▶ _Task to complete_
The response must consist of all the entries, duplicated without alteration.

▶ _Information supplied_
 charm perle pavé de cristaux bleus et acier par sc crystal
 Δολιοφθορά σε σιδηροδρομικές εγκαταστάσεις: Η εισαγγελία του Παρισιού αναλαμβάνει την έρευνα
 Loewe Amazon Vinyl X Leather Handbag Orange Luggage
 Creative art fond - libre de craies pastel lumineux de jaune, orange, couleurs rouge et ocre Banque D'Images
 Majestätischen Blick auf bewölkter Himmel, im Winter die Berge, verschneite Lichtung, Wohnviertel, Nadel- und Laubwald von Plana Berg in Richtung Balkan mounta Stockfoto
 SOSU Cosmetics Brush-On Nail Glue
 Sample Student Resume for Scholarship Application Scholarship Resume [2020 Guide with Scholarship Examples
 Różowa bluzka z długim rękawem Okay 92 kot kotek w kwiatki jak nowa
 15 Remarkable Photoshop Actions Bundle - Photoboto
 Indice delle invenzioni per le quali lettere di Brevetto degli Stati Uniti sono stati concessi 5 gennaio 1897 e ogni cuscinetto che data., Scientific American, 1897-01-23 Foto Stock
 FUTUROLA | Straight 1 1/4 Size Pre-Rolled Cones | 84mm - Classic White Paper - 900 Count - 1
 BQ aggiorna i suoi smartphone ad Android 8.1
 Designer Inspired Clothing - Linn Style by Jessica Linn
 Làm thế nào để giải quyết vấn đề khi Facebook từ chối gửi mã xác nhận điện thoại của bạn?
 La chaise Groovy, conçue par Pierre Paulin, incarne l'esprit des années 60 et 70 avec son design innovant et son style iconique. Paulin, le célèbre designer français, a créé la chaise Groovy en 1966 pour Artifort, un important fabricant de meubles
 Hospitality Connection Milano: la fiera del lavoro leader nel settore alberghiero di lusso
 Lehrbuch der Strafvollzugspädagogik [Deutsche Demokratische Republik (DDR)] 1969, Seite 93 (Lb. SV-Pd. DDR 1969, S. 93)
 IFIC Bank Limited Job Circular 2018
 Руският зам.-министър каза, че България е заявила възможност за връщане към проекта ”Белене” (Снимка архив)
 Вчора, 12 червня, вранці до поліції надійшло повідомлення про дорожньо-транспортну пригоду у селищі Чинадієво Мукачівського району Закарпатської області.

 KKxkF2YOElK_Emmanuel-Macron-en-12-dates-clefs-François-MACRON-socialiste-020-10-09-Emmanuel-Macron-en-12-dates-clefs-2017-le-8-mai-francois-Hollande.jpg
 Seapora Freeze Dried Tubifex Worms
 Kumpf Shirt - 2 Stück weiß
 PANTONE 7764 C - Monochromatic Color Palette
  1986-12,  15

▶ _Task solution_
 charm perle pavé de cristaux bleus et acier par sc crystal
 Δολιοφθορά σε σιδηροδρομικές εγκαταστάσεις: Η εισαγγελία του Παρισιού αναλαμβάνει την έρευνα
 Loewe Amazon Vinyl X Leather Handbag Orange Luggage
 Creative art fond - libre de craies pastel lumineux de jaune, orange, couleurs rouge et ocre Banque D'Images
 Majestätischen Blick auf bewölkter Himmel, im Winter die Berge, verschneite Lichtung, Wohnviertel, Nadel- und Laubwald von Plana Berg in Richtung Balkan mounta Stockfoto
 SOSU Cosmetics Brush-On Nail Glue
 Sample Student Resume for Scholarship Application Scholarship Resume [2020 Guide with Scholarship Examples
 Różowa bluzka z długim rękawem Okay 92 kot kotek w kwiatki jak nowa
 15 Remarkable Photoshop Actions Bundle - Photoboto
 Indice delle invenzioni per le quali lettere di Brevetto degli Stati Uniti sono stati concessi 5 gennaio 1897 e ogni cuscinetto che data., Scientific American, 1897-01-23 Foto Stock
 FUTUROLA | Straight 1 1/4 Size Pre-Rolled Cones | 84mm - Classic White Paper - 900 Count - 1
 BQ aggiorna i suoi smartphone ad Android 8.1
 Designer Inspired Clothing - Linn Style by Jessica Linn
 Làm thế nào để giải quyết vấn đề khi Facebook từ chối gửi mã xác nhận điện thoại của bạn?
 La chaise Groovy, conçue par Pierre Paulin, incarne l'esprit des années 60 et 70 avec son design innovant et son style iconique. Paulin, le célèbre designer français, a créé la chaise Groovy en 1966 pour Artifort, un important fabricant de meubles
 Hospitality Connection Milano: la fiera del lavoro leader nel settore alberghiero di lusso
 Lehrbuch der Strafvollzugspädagogik [Deutsche Demokratische Republik (DDR)] 1969, Seite 93 (Lb. SV-Pd. DDR 1969, S. 93)
 IFIC Bank Limited Job Circular 2018
 Руският зам.-министър каза, че България е заявила възможност за връщане към проекта ”Белене” (Снимка архив)
 Вчора, 12 червня, вранці до поліції надійшло повідомлення про дорожньо-транспортну пригоду у селищі Чинадієво Мукачівського району Закарпатської області.

 KKxkF2YOElK_Emmanuel-Macron-en-12-dates-clefs-François-MACRON-socialiste-020-10-09-Emmanuel-Macron-en-12-dates-clefs-2017-le-8-mai-francois-Hollande.jpg
 Seapora Freeze Dried Tubifex Worms
 Kumpf Shirt - 2 Stück weiß
 PANTONE 7764 C - Monochromatic Color Palette
  1986-12,  15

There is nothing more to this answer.